Post autor: Yakuti » 13 lis 2020, 23:28

I dlatego Yakuti raczej nikogo nie pocieszał. Jak widać jego słowa nie sprawiały, by rozmówca poczuł się chociaż trochę lepiej. Cóż, nie miał za grosz praktyki i treningu w tej materii; zazwyczaj przypominał raczej cień, przyczajony gdzieś obok, dzielnie słuchający - lecz odzywający się jedynie wtedy, kiedy zostanie bezpośrednio do odpowiedzi wyrwany. Wtedy też zresztą odpowiadał zdawkowo, by jak mniej samego siebie w słowach odsłonić. Pod tym względem może ta dwójka nawet siebie przypominała?
Gdy jednak @Laishia okazała swoje wątpliwości, poczuł się we własnej skórze jeszcze gorzej; jakby ktoś wyprał sierść w zza wysokiej temperaturze i skurczoną naciągnął na niego z powrotem.
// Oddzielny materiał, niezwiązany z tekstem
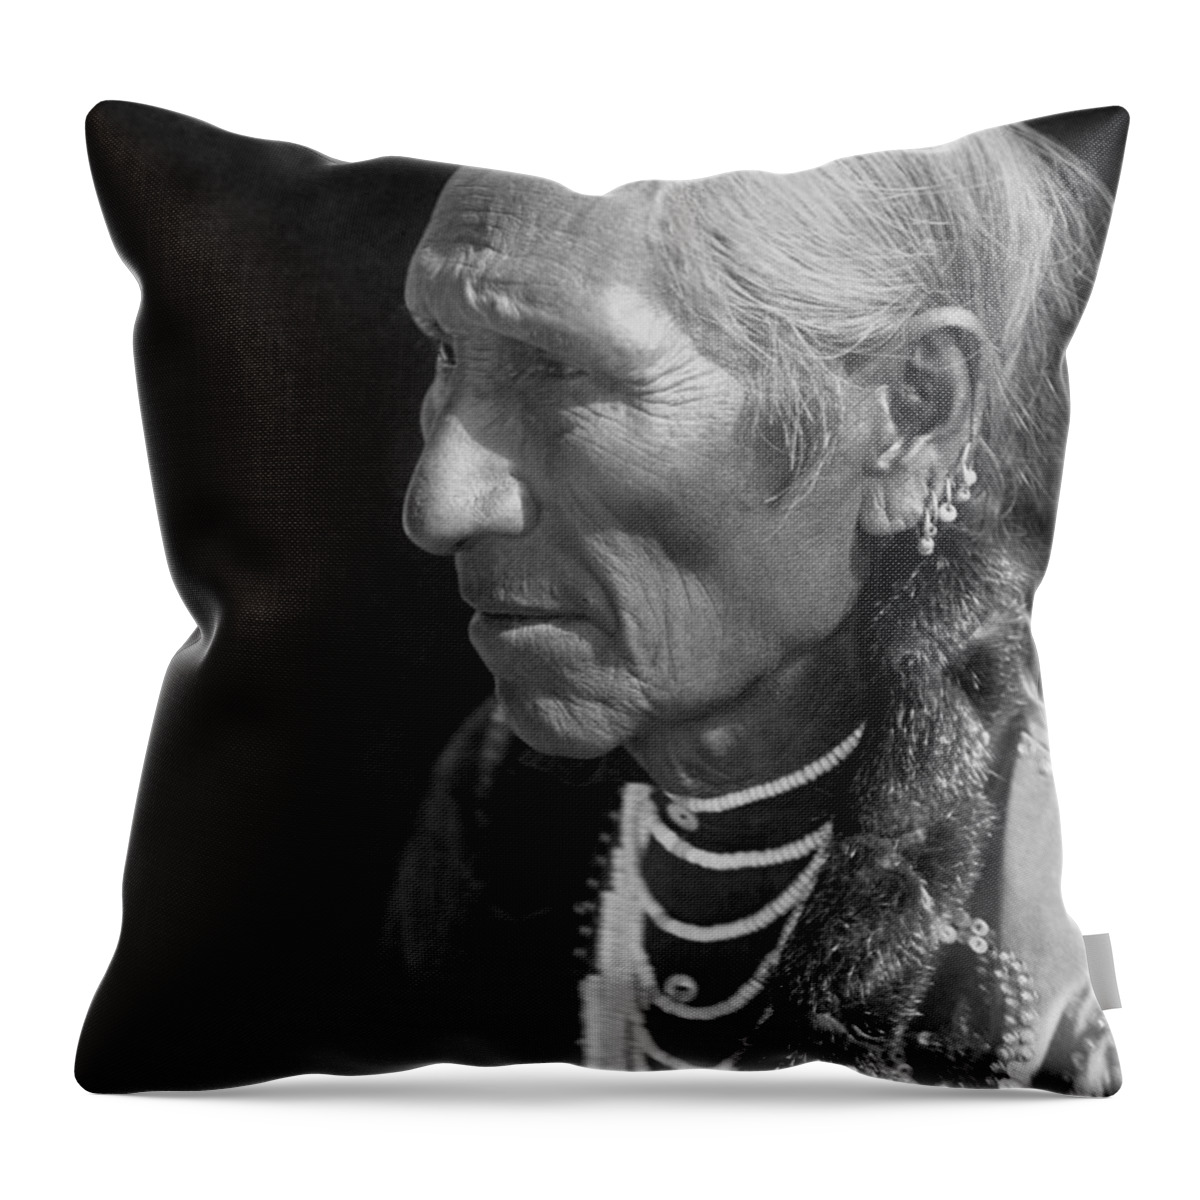 1910 Throw Pillow featuring the photograph Salish Indian circa 1910 by Aged Pixel

Chciał jej dobra. Tymczasem najpierw doprowadził ją do łez, potem natomiast sprawił, że posmutniała. Jak to uratować? Nie miał pojęcia. Szedł zatem w milczeniu, ze zwieszonym smętnie łbem. "Zawsze masz mnie"? Och, nie, przecież miał ją podnieść na duchu a nie dobijać jeszcze bardziej. "Po burzy zawsze wychodzi słońce"? A co z tymi ciągnącymi się od wielu dni, powodującymi powodzie i śmierć setek zwierząt? Czy słońce stanowi tu pocieszenie? A co z suszą, która zabija rośliny, potem roślinożerców, a następnie drapieżników? "Jutro będzie lepiej". A jeśli jutra wcale nie będzie? Czy miał prawo składać obietnice, których realizacji nie mógł zagwarantować?
- Wątpisz. Ale nie nie wiesz - odezwał się w końcu, po dłużacej się niemiłosiernie chwili milczenia, od czasu do czasu przerywanej jedynie przez szmer toczącej się ku Wielkiej Wodzie rzeki. Filozof, psia jego mać...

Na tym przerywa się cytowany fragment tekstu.